What to do =
Wherever a picture appears in the listing below, leave it out and reproduce the rest exactly.

Recorded data =
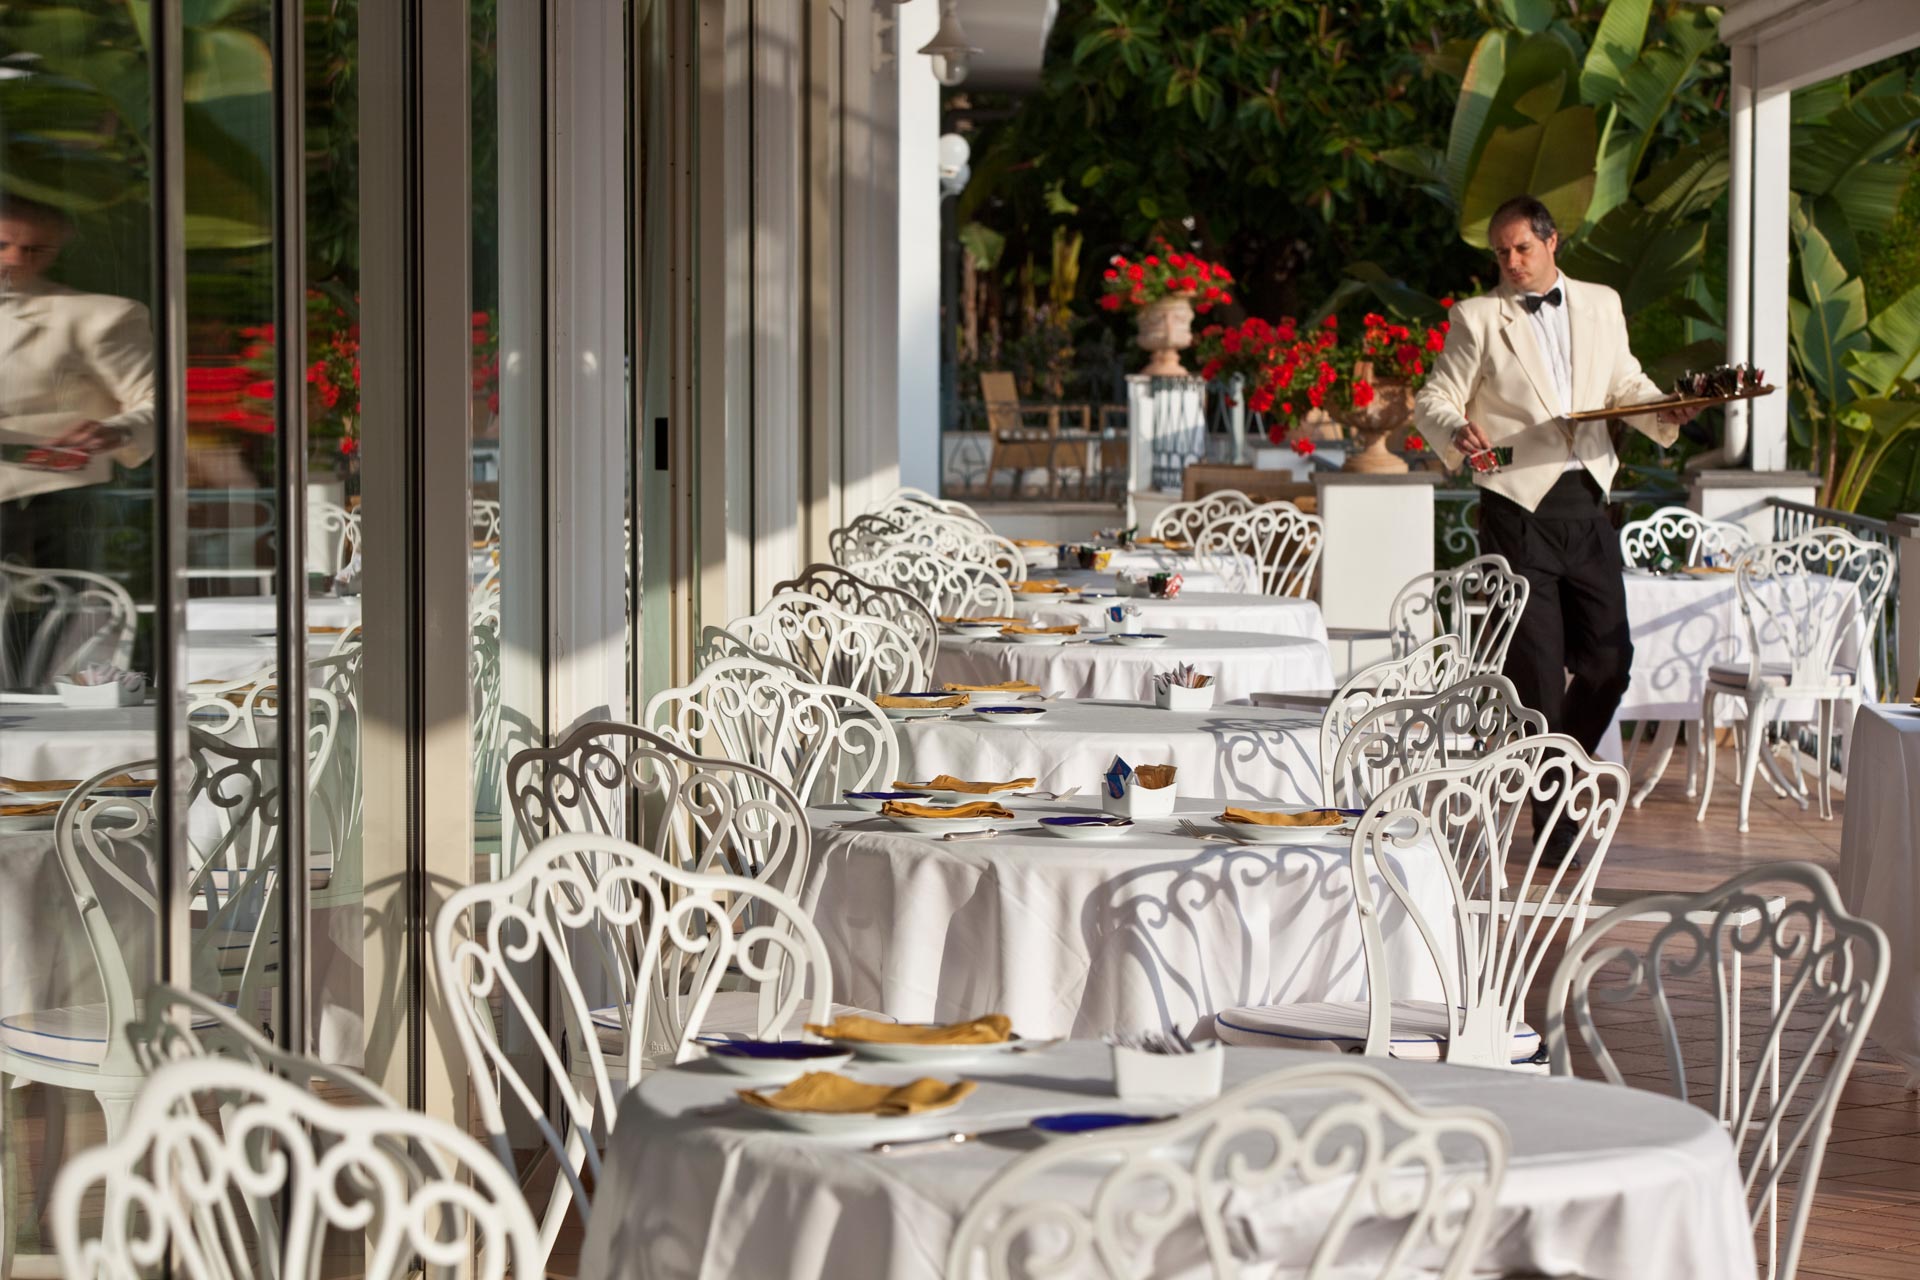 Restaurant Terrace
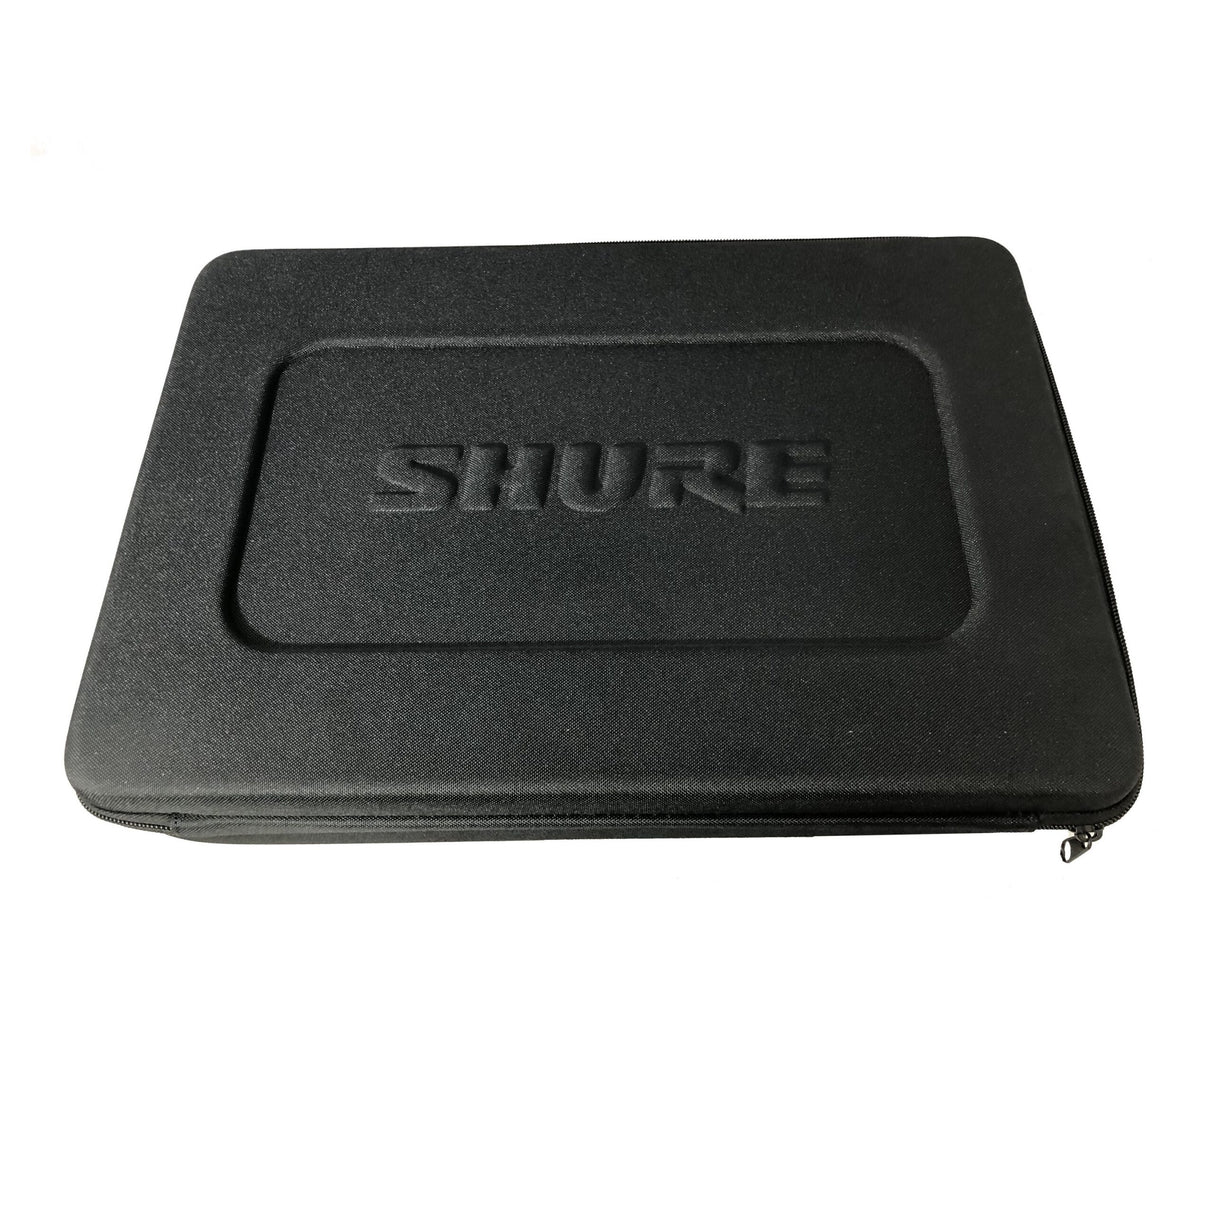 Shure 95A16526 Carrying Case for PGX, PGX-D
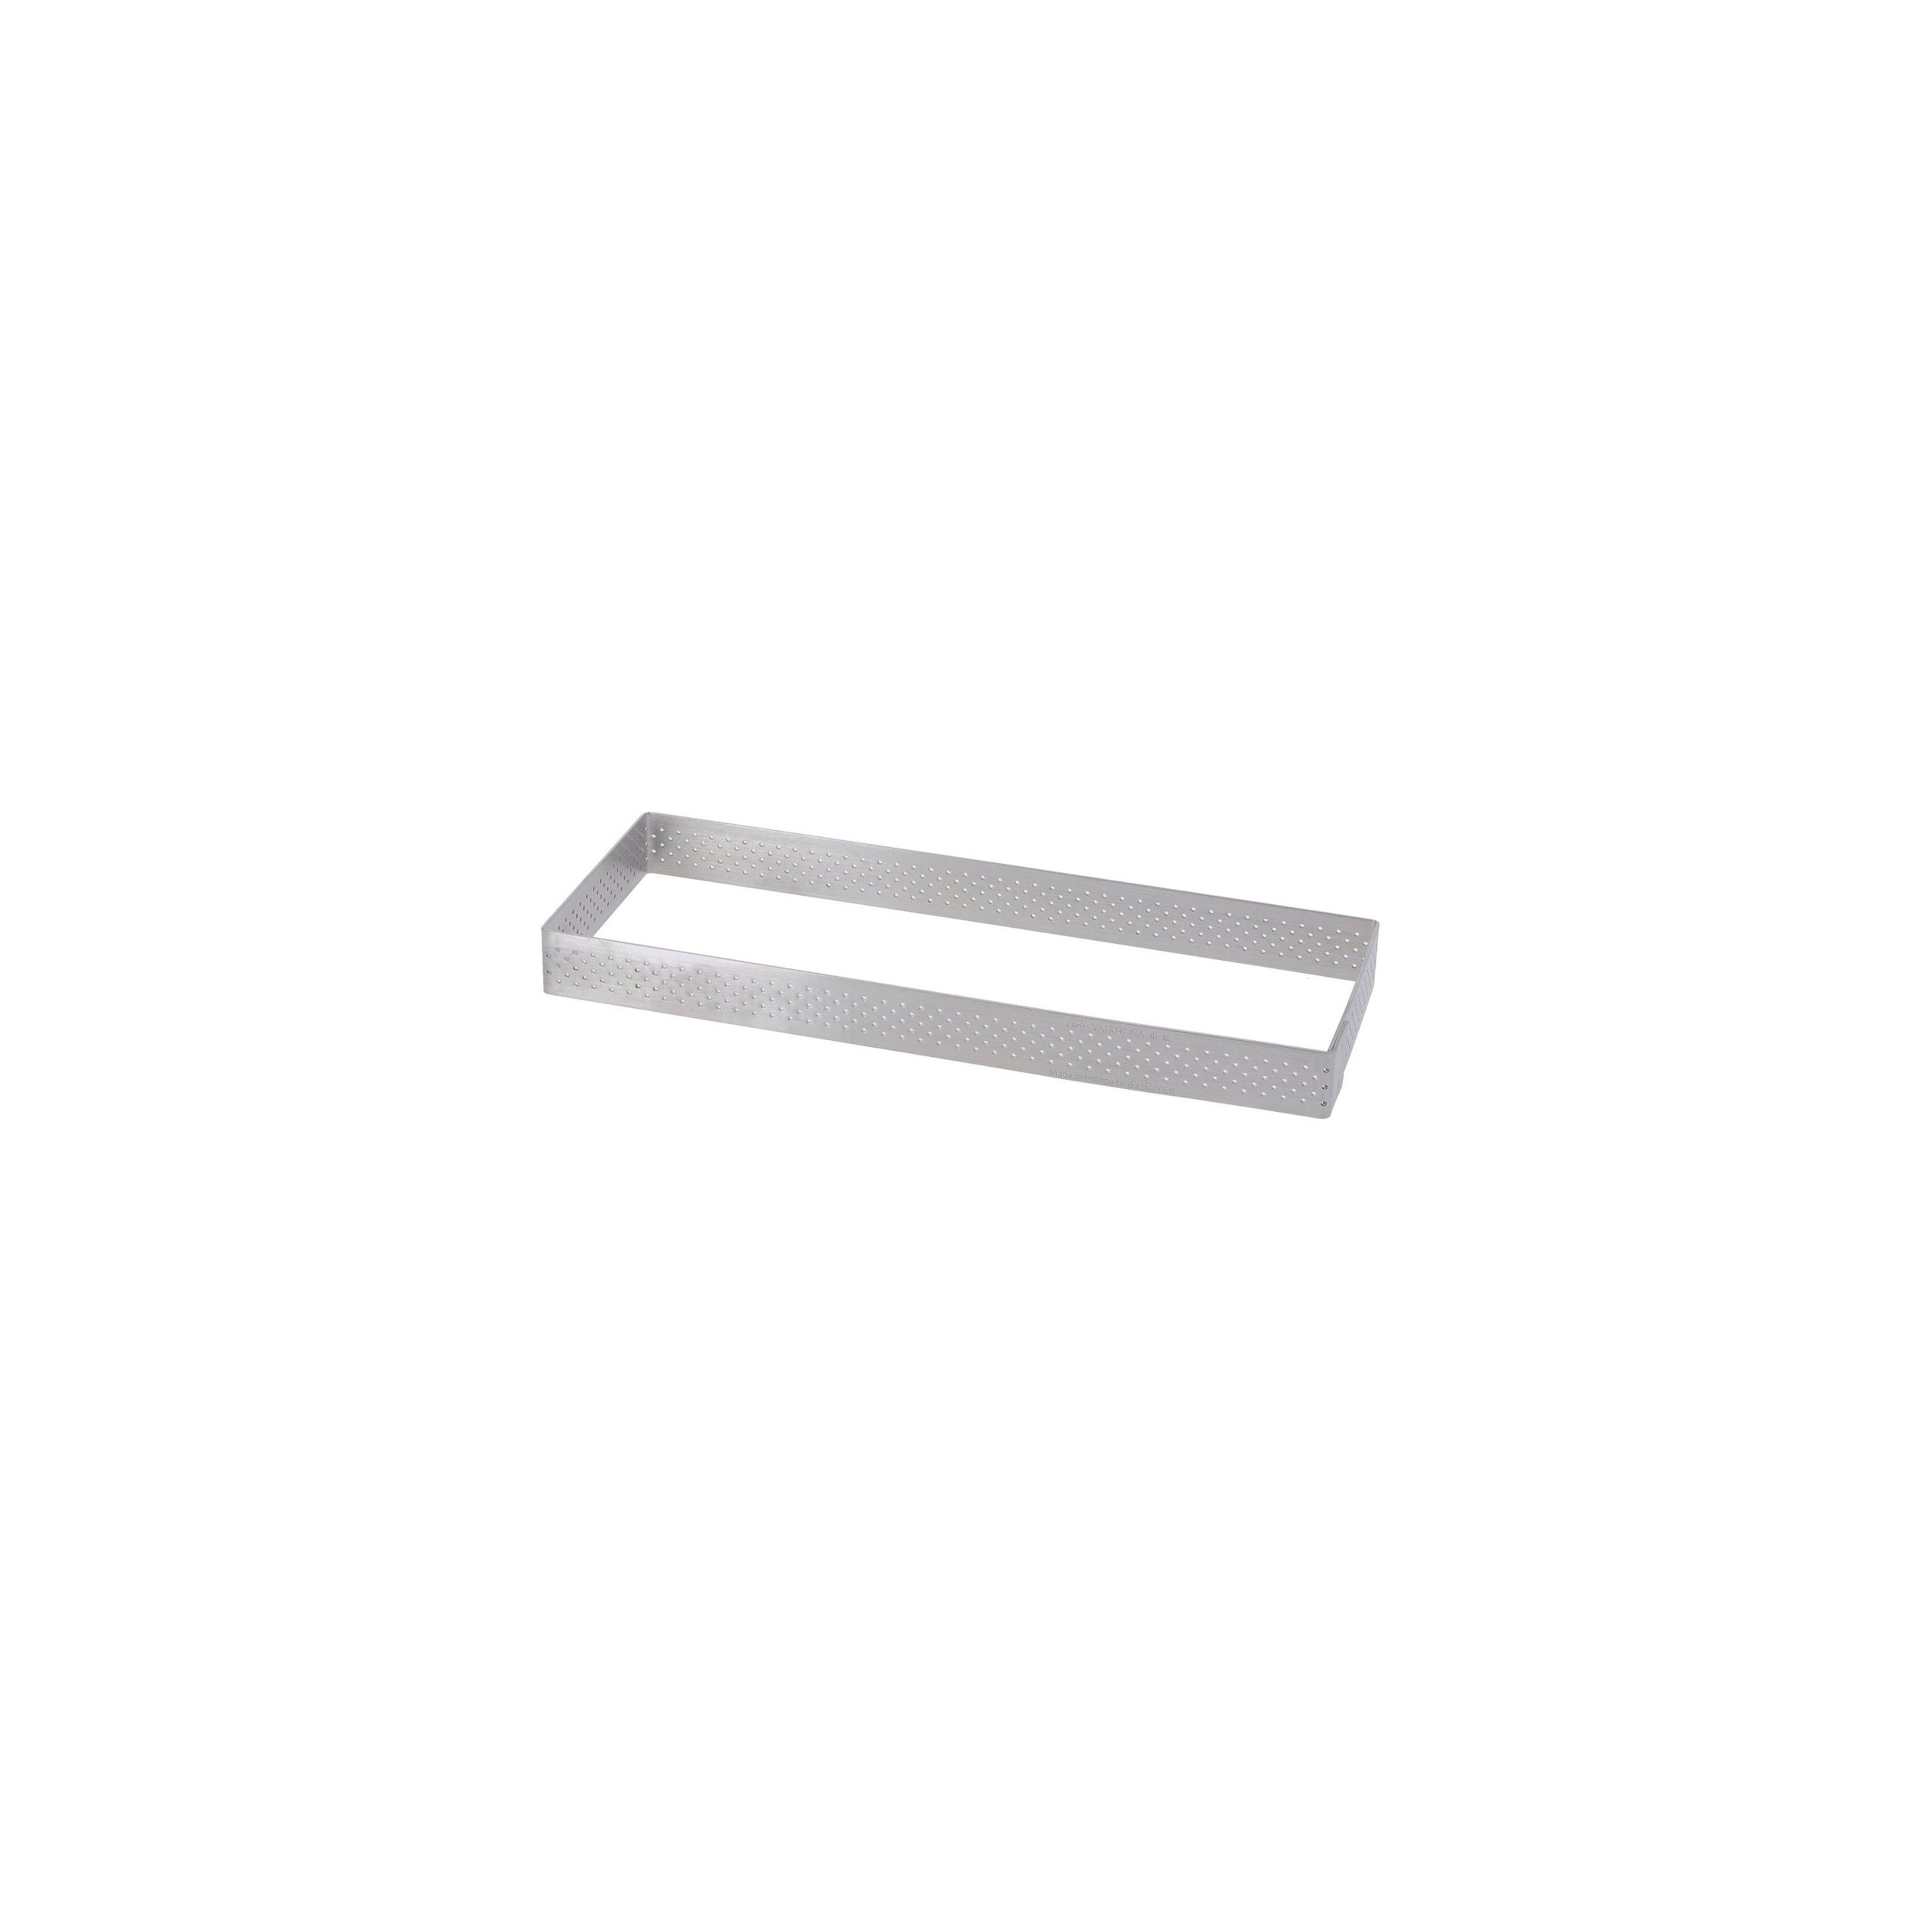 DE BUYER S/S Perforated Rectangular Tart Ring, 4.7
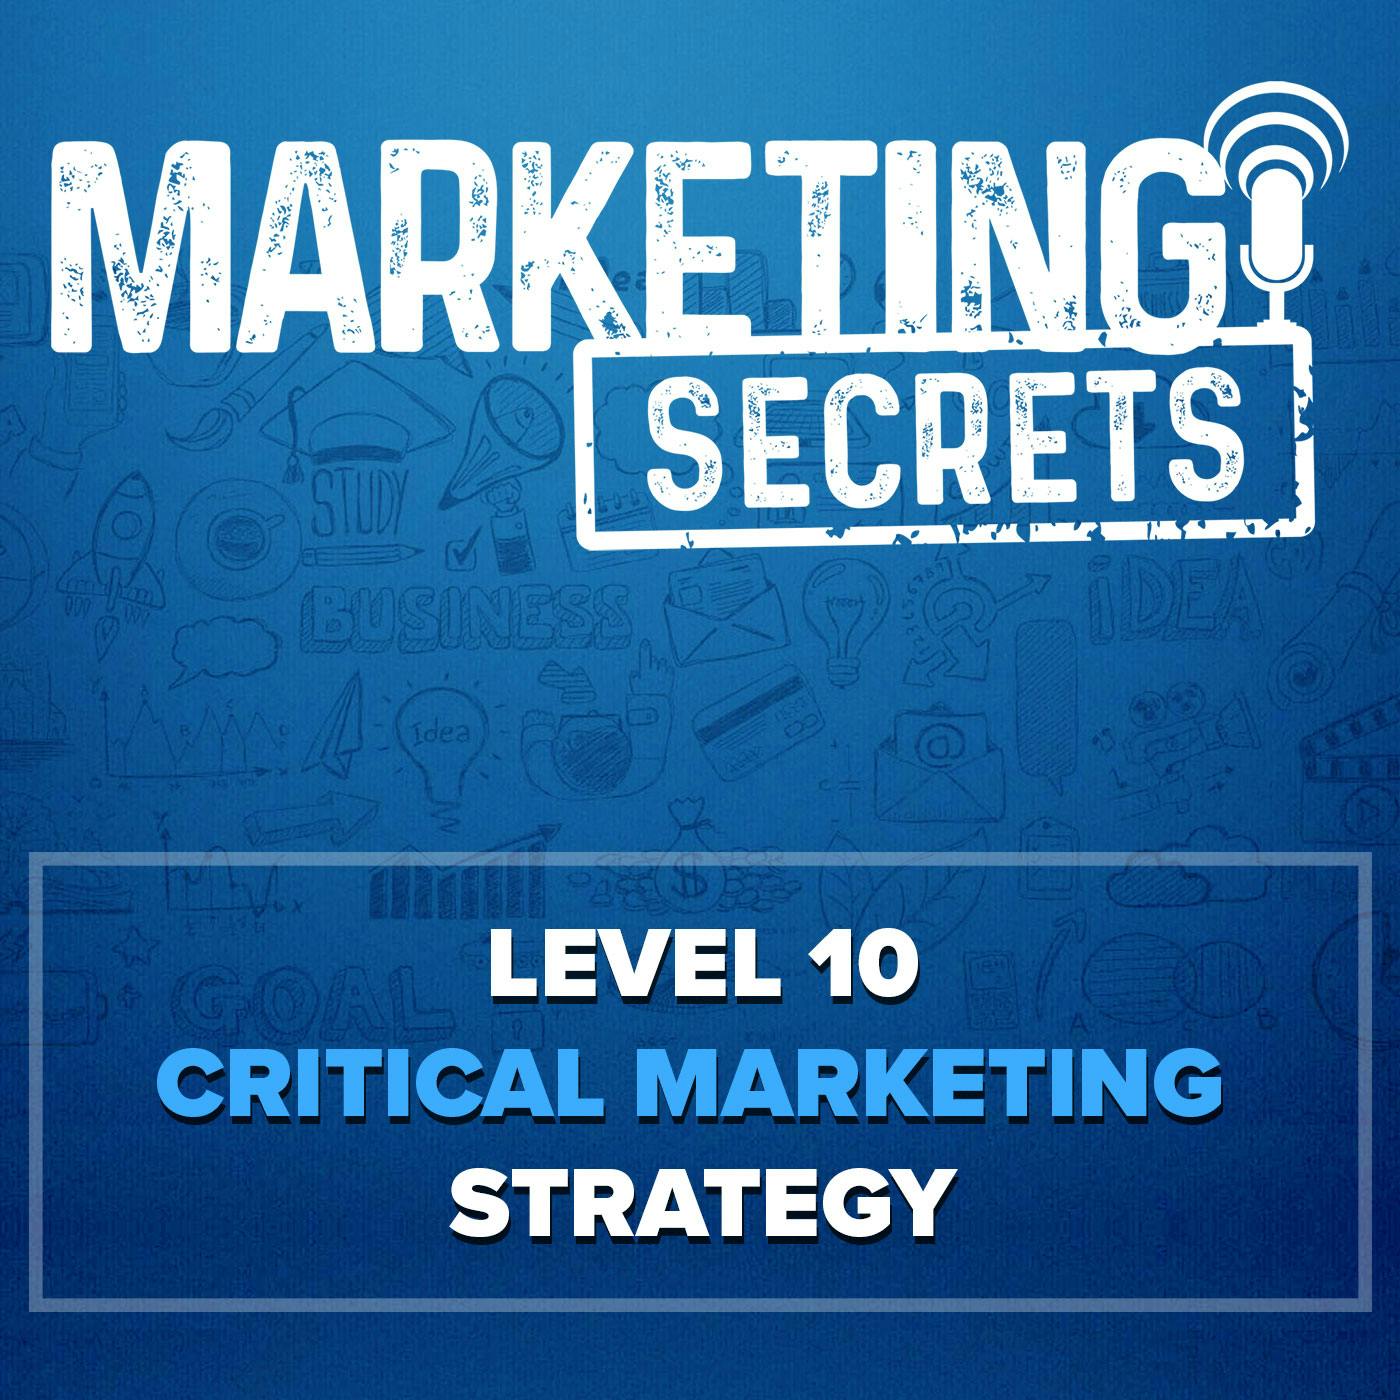 Level 10 Critical Marketing Strategy

Response to the task =
 Restaurant Terrace
 Shure 95A16526 Carrying Case for PGX, PGX-D
 DE BUYER S/S Perforated Rectangular Tart Ring, 4.7
 Level 10 Critical Marketing Strategy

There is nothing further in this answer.